INTRODUCTION.
It is one thing for a man to convince himself, but a very different thing to be able to convince others.
I am not now speaking of a conviction arising from the impression made by a few startling facts, nor of one forced on the mind by early prejudices, or by the dogmas of the schools, but of a conviction arising from careful enquiry.
In the course of that enquiry, the collector of facts, sees their relations to the idea in his mind, in a multiplicity of ways, from their remaining, each, as one succeeds the other, an appreciable time on the sensorium, and undergoing a certain process of comparison and relation, with all other facts and ideas which have been previously stored up. As the materials for an edifice which have been shaped and prepared in accordance with the completion of the design, so do the facts and ideas which are accumulated
in the mind, become shaped and prepared for the elimination of a truth.

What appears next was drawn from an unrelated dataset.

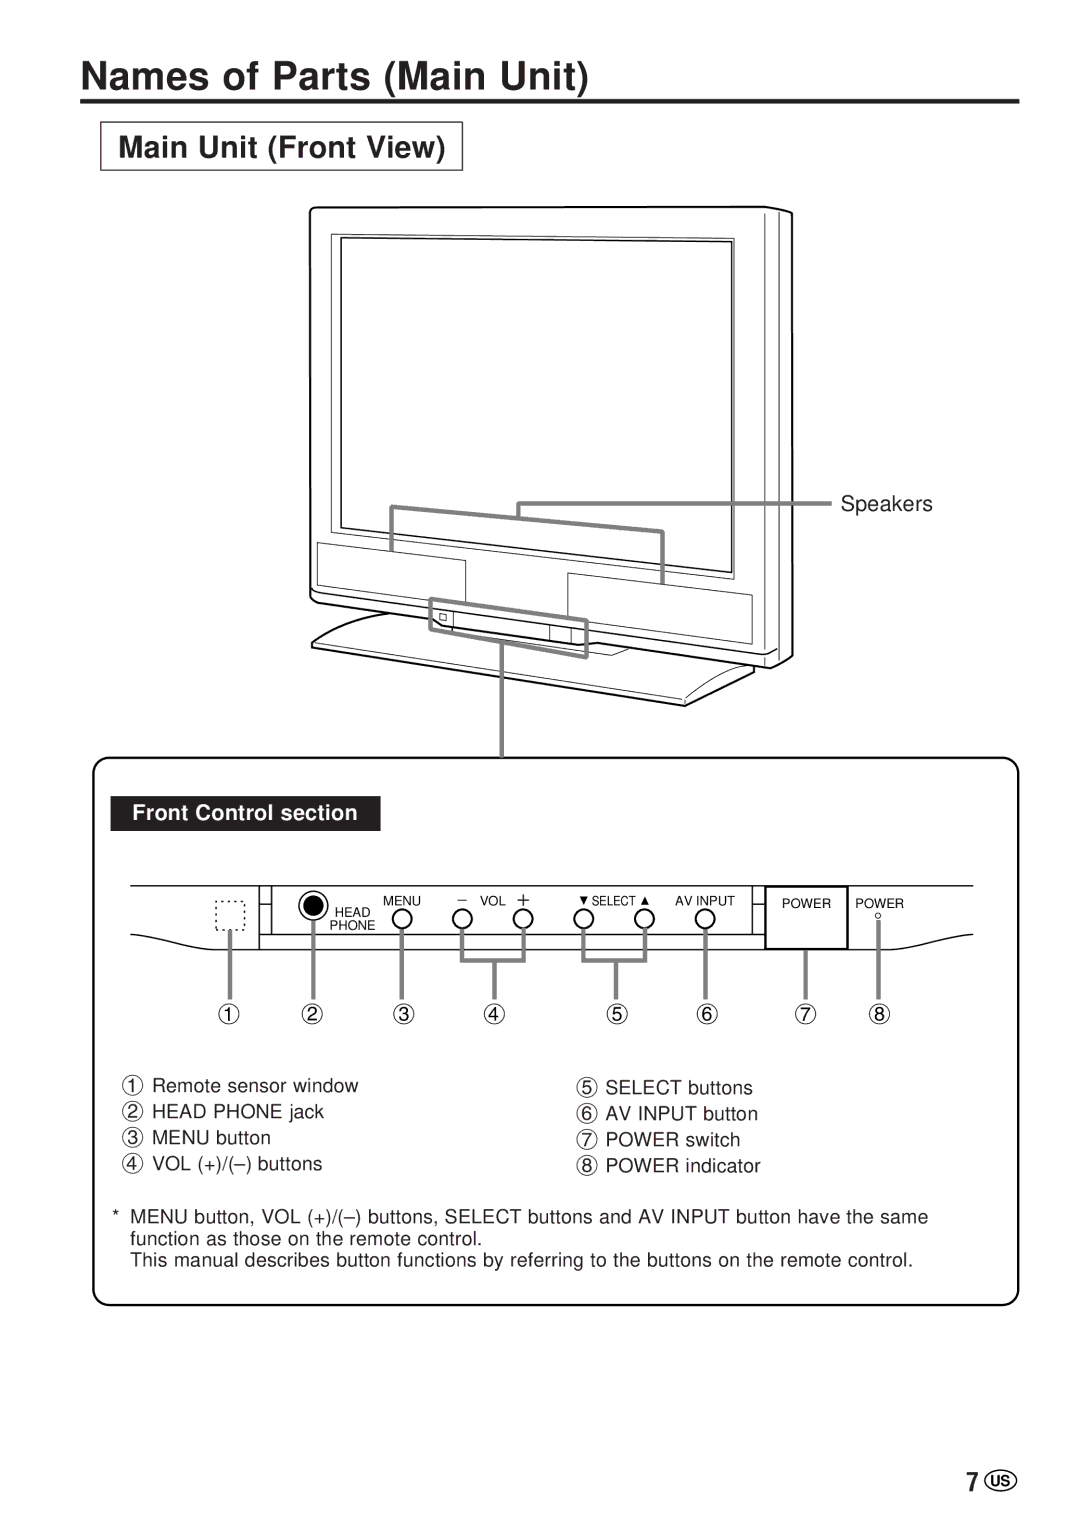 Sharp LC-20VM2 operation manual Names of Parts Main Unit, Main Unit Front View, Front Control section 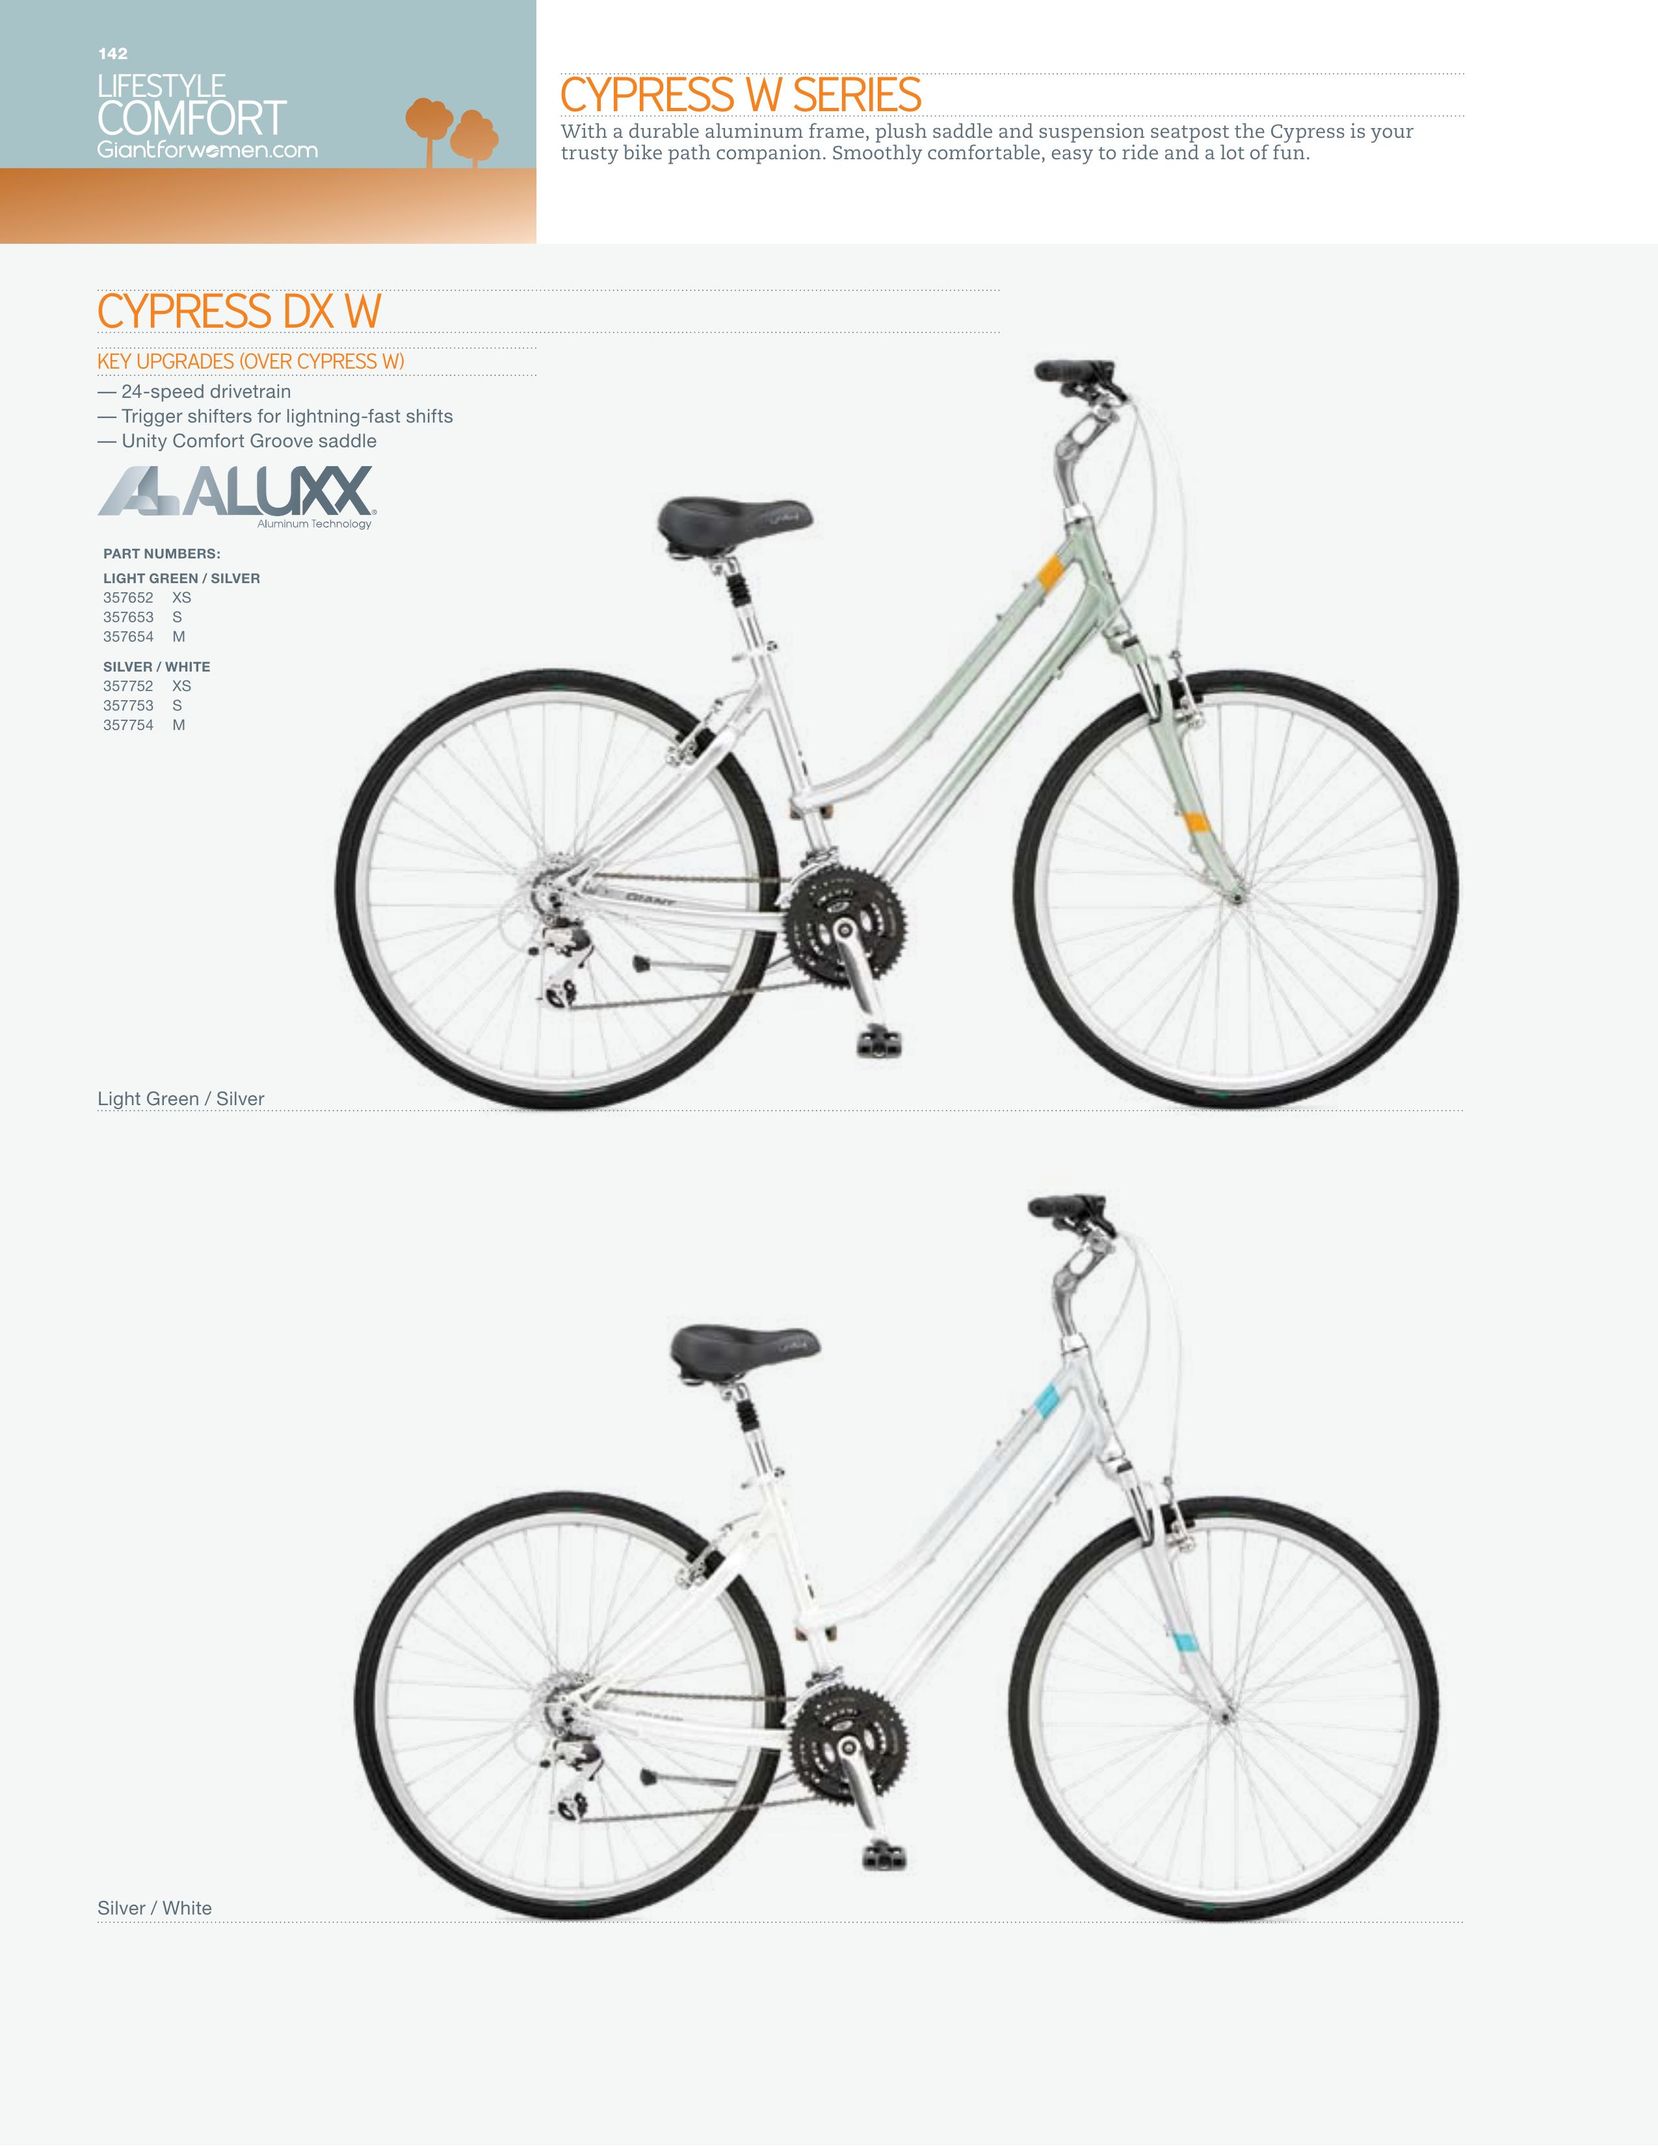 Giant Cypress DX W Bicycle User Manual

The ultimate design of the architect can no more be conceived by the examination of the framework of a window, or the capital of a column, than the whole truth of a proposition by the examination of separate facts; the whole must be conceived and all the relations of all the parts thoroughly understood, before the architect can be comprehended or the harmony of his design appreciated.
The process of thought in the minds of the architect, and in the framer of a proposition, is never exactly the same as in those who contemplate and examine their completed works. Much may be done, however, by both to aid others in comprehending them. The more accurately they keep in view the course their minds have taken, the more readily will their descriptions be understood.
To simplify the elements of our knowledge is to give others a ready access to our thoughts.
To arrange the course of our ideas in harmony with the elements of our knowledge should be the end of all writing, as it is the only means of multiplying knowledge.